Relocalization Automatique
The rising price of oil is making international trade of heavy cargo prohibitively expensive, and acting as an incentive for importers to find products such as steel closer to home, new research by CIBC World Markets shows.
For heavy products, rising shipping costs are eroding the low-wage advantage of China over North America, say chief economist Jeff Rubin and senior economist Benjamin Tal.
If oil prices continue to rise, the soaring cost of global transport will act like a major tariff barrier and lead to a substantial slow down in international trade, they argue.
“Globalization is reversible,” they state.
High fuel costs are expected to have a dramatic impact on trade patterns, as businesses look for supplies closer to home.
Oil passed $133 (U.S.) a barrel on Monday, and Mr. Rubin forecasts the price will average $106 this year, $130 next year, $150 in 2010 and $225 by 2012.
These days, the cost of oil is the equivalent of imposing a tariff rate of about nine per cent on goods coming into the United States. At $150 a barrel, transport costs act like a tariff of 11 per cent. And at $200, all the trade liberalization efforts of the past 30 years are reversed, Mr. Rubin said.
Oil prices now account for about half of total freight costs, and for the past three years, for every $1 increase in world oil, there has been a corresponding one per cent increase in transport costs.
“Unless that container is chock full of diamonds, its shipping costs have suddenly inflated the cost of whatever is inside,” Mr. Rubin said. “And those inflated costs get passed onto the Consumer Price Index when you buy that good at your local retailer. As oil prices keep rising, pretty soon those transport costs start cancelling out the East Asian wage advantage.”
Persistently high oil prices will also cause many commuters to consider moving to the city, reversing the allure of the suburbs, he said. And it could also force a change in eating habits, as foreign food becomes too expensive to ship.
“It means forget about that 50-mile commute from Cooksville to Toronto, and also forget about that avocado salad in January.”
More fundamentally, the soaring oil price will prompt a major rethinking of how production is organized, Mr. Rubin argues, and could even lead to a revival of North American manufacturing.
Already, U.S. imports of Chinese steel are declining dramatically, while domestic production is rising at rates not seen for years, they say.
China's steel exports to the United States are falling at a 20-per-cent annual pace, while U.S. domestic production has risen by 10 per cent in the past year. That makes sense, the economists say, because Chinese steel producers need to import iron ore from the likes of Australia and Brazil, then turn it into steel and then pay huge and rising freight costs to send the hot-rolled steel to the United States.
Regional trade looks much cheaper in comparison, they say.

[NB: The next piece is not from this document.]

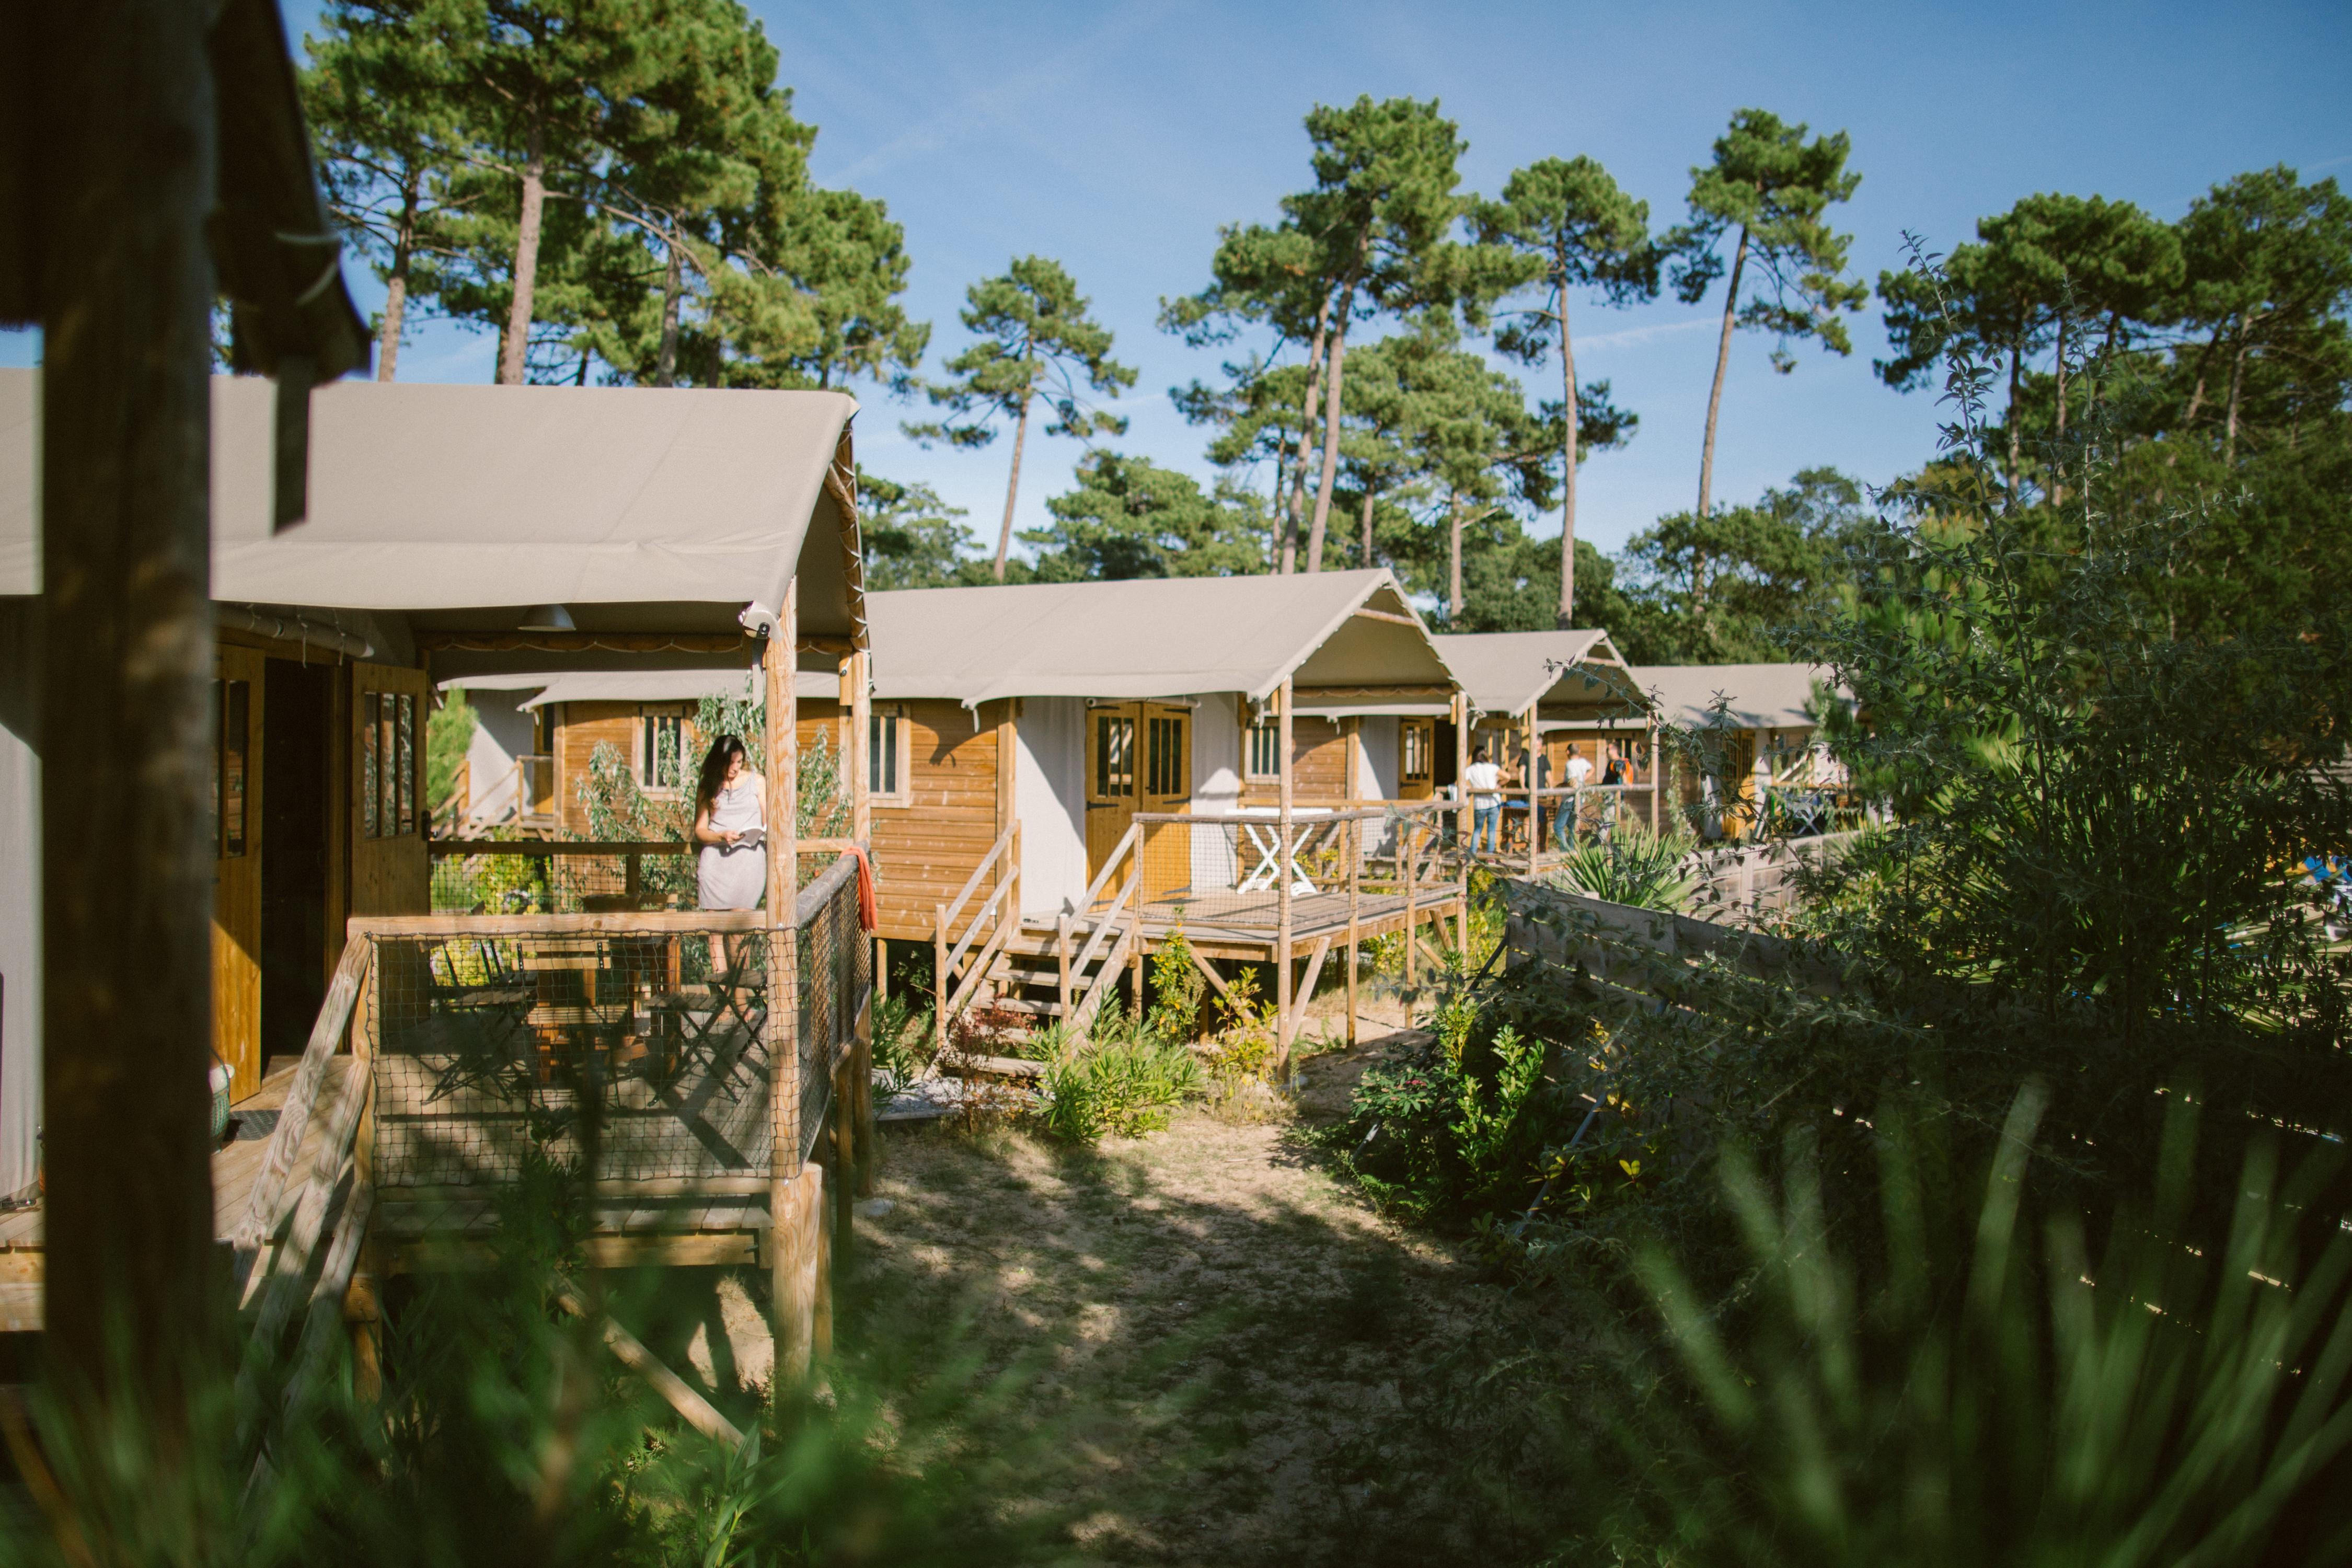 Camping Village Naturéo, Seignosse, Landes

As oil prices continue to climb, shipments of furniture, footwear and machinery and equipment are likely to meet the same fate, the economists say.

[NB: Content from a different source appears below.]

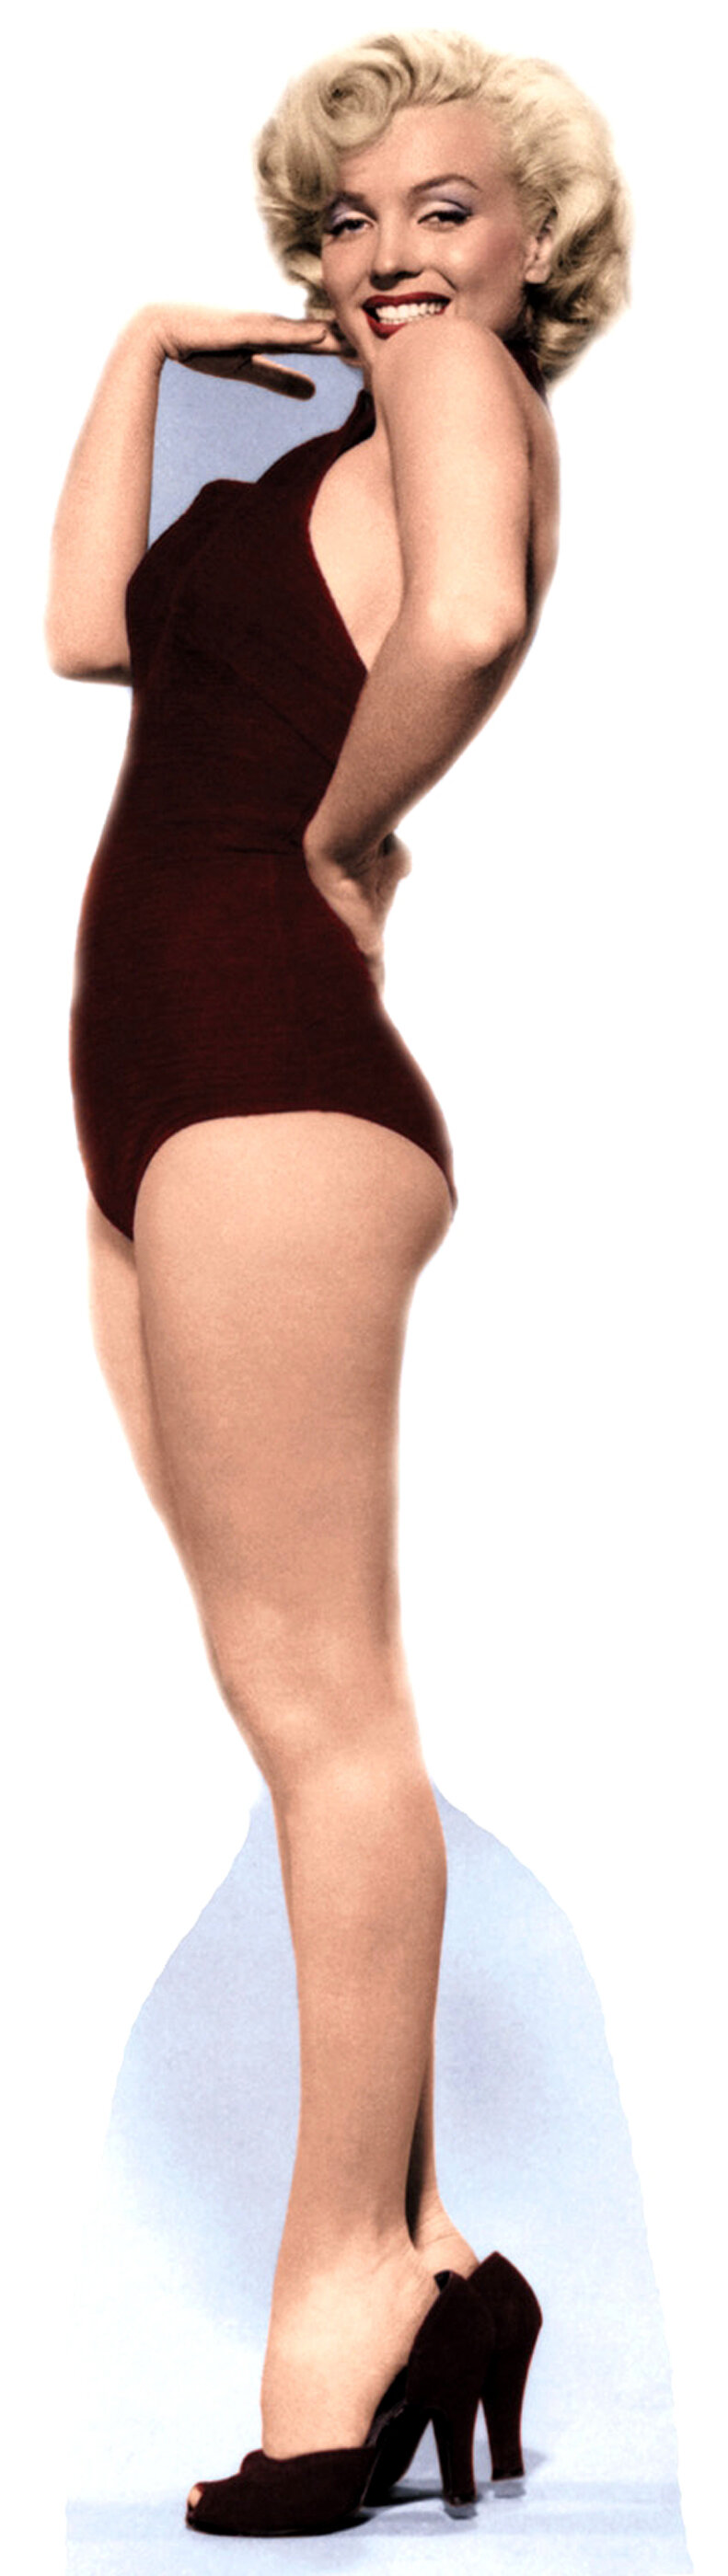 2c0c0d31f2b48 Advanced Graphics Cardboard Hollywood Marilyn Monroe - Swimsuit Standup

“In a world of triple-digit oil prices, distance costs money,” they say in a paper released Tuesday. “And while trade liberalization and technology may have flattened the world, rising transport prices will once again make it rounder.”
At first glance, such developments may seem to favour a renaissance of the moribund steel mills and boarded up furniture plants of Canada. But high oil prices won't eliminate importers' search for cheap labour. Instead, they're eyeing Mexico.
“Instead of finding cheap labour half-way around the world, the key will be to find the cheapest labour force within reasonable shipping distance to your market,” CIBC says.
“In that type of world, look for Mexico's maquiladora plants to get another chance at bat when it comes to supplying the North American market. In a world where oil will soon cost over $200 per barrel, Mexico's proximity to the rest of North America gives its costs a huge advantage.”
While high oil prices will require major reorganization of global supply chains, the bigger danger comes in the form of inflationary pressure, Mr. Rubin warns.
“If you're a steel buyer, your costs are going up regardless of whether you are sourcing it from China or Pittsburgh,” he says, saying the same dynamic applies to Hamilton.
Soon, the United Steelworkers of America will want a piece of that higher price, and wages that have been kept flat for years because of labour competition from Asia will begin to rise.
He doesn't necessarily see a return to the double-digit inflation of the early 1980s, but figures the central banks in the United States and eventually Canada will have to begin raising rates dramatically in order to confront inflation running at around 3.5 or 4 per cent annual pace. Canada's target is two per cent a year.